In Vermont v. Brillon [Cornell LII backgrounder, JURIST report], the Court ruled [opinion, PDF] 7-2 that delays caused solely by a public defender do not violate a defendant's Sixth Amendment right to a speedy trial. The defendant Michael Brillon faced assault charges, awaiting trial for three years while he was assigned to six different public defenders. Ginsburg wrote for the majority:
Assigned counsel, just as retained counsel, act on behalf of their clients, and delays sought by counsel are ordinarily attributable to the defendants they represent. For a total of some six months of the time that elapsed between Brillon's arrest and his trial, Brillon lacked an attorney.
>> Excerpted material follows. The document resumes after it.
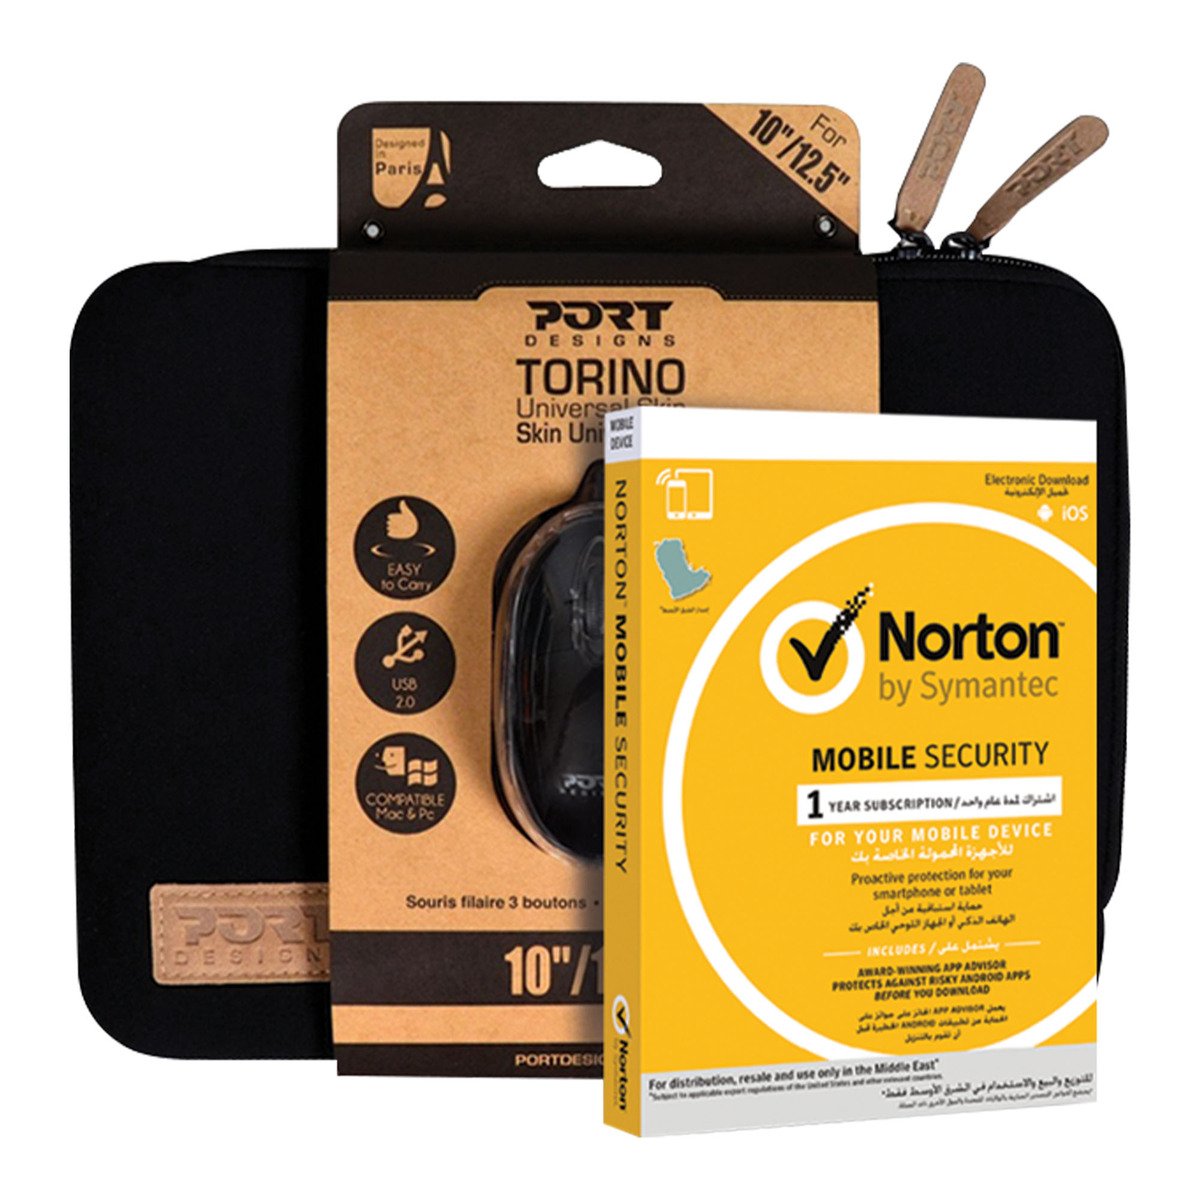 Norton Mobile Security 3.0 + Port Torino Skin Tab Case Black 12.5" + Port Wired Mouse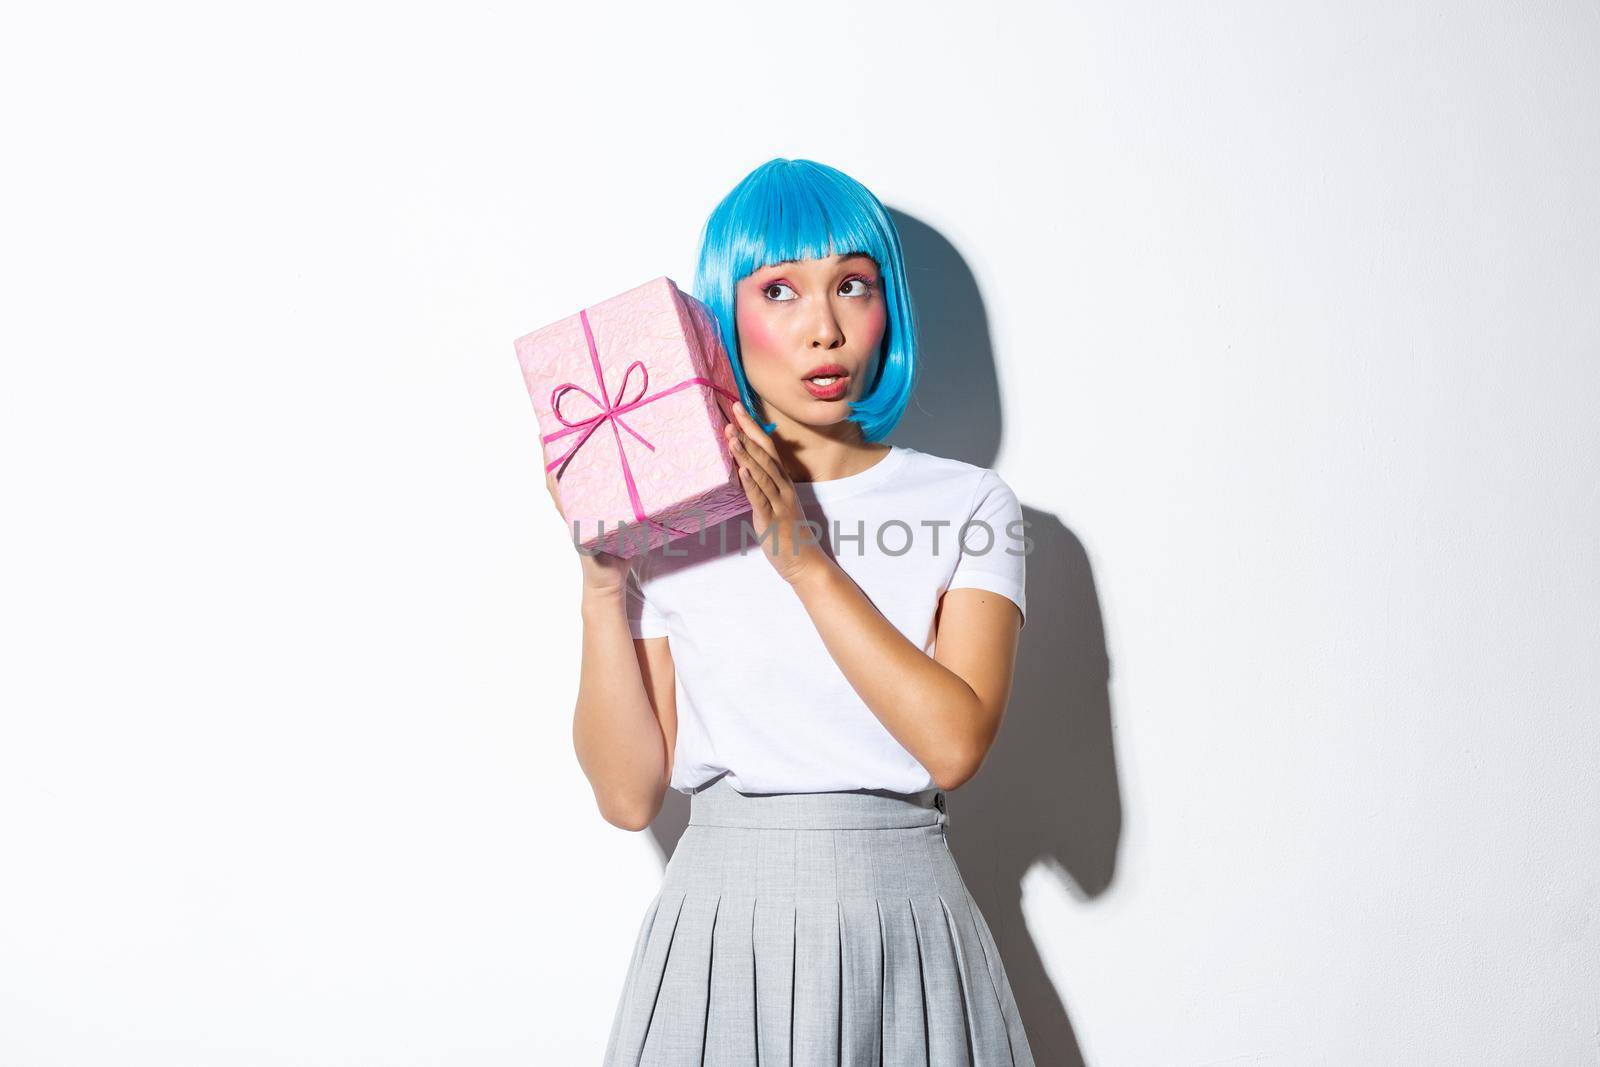 Cute asian girl in blue wig shaking box with gift, wonder whats inside, standing over white background.

The State may be charged with those months if the gaps resulted from the trial court's failure to appoint replacement counsel with dispatch. Similarly, the State may bear responsibility if there is "a breakdown in the public defender system." But, as the Vermont Supreme Court acknowledged, the record does not establish any such institutional breakdown. [citations omitted]
The ruling overturned the decision [opinion text] of the Vermont Supreme Court, which held that the delay violated Brillon's Sixth Amendment rights. Breyer filed a dissenting opinion, in which Stevens joined.

In Kansas v. Colorado [JURIST report], the Court ruled [opinion, PDF] unanimously that it is limited to the same cap on expert witness fees that applies in a district court when the case falls under the Supreme Court's original and exclusive jurisdiction. The Court has constitutionally mandated original jurisdiction [Article 3, § 2 text] over the case because it is a dispute between two states. In 2001, the Court ruled [opinion] that Colorado was liable for millions of dollars in damages and interest for diverting water from the Arkansas River into Colorado farm lands. The dispute continued, and in 2004, the Court ordered a special master to further investigate the situation [opinion]. The special master determined that US law [28 USC § 1821(b) text] caps a witness' attendance fee at $40 per day, but Kansas argued that the legislative intent behind the statute was meant to bind only lower courts and that the Supreme Court is statutorily unlimited in awarding fees in cases of original jurisdiction. In an opinion by Alito, the Court overruled Kansas's exceptions to the special master's report:
[W]e conclude that the best approach is to have a uniform rule that applies in all federal cases.

We therefore hold that the expert witness attendance fees that are available in cases brought under our original jurisdiction shall be the same as the expert witness attendance fees that would be available in a district court under §1821(b).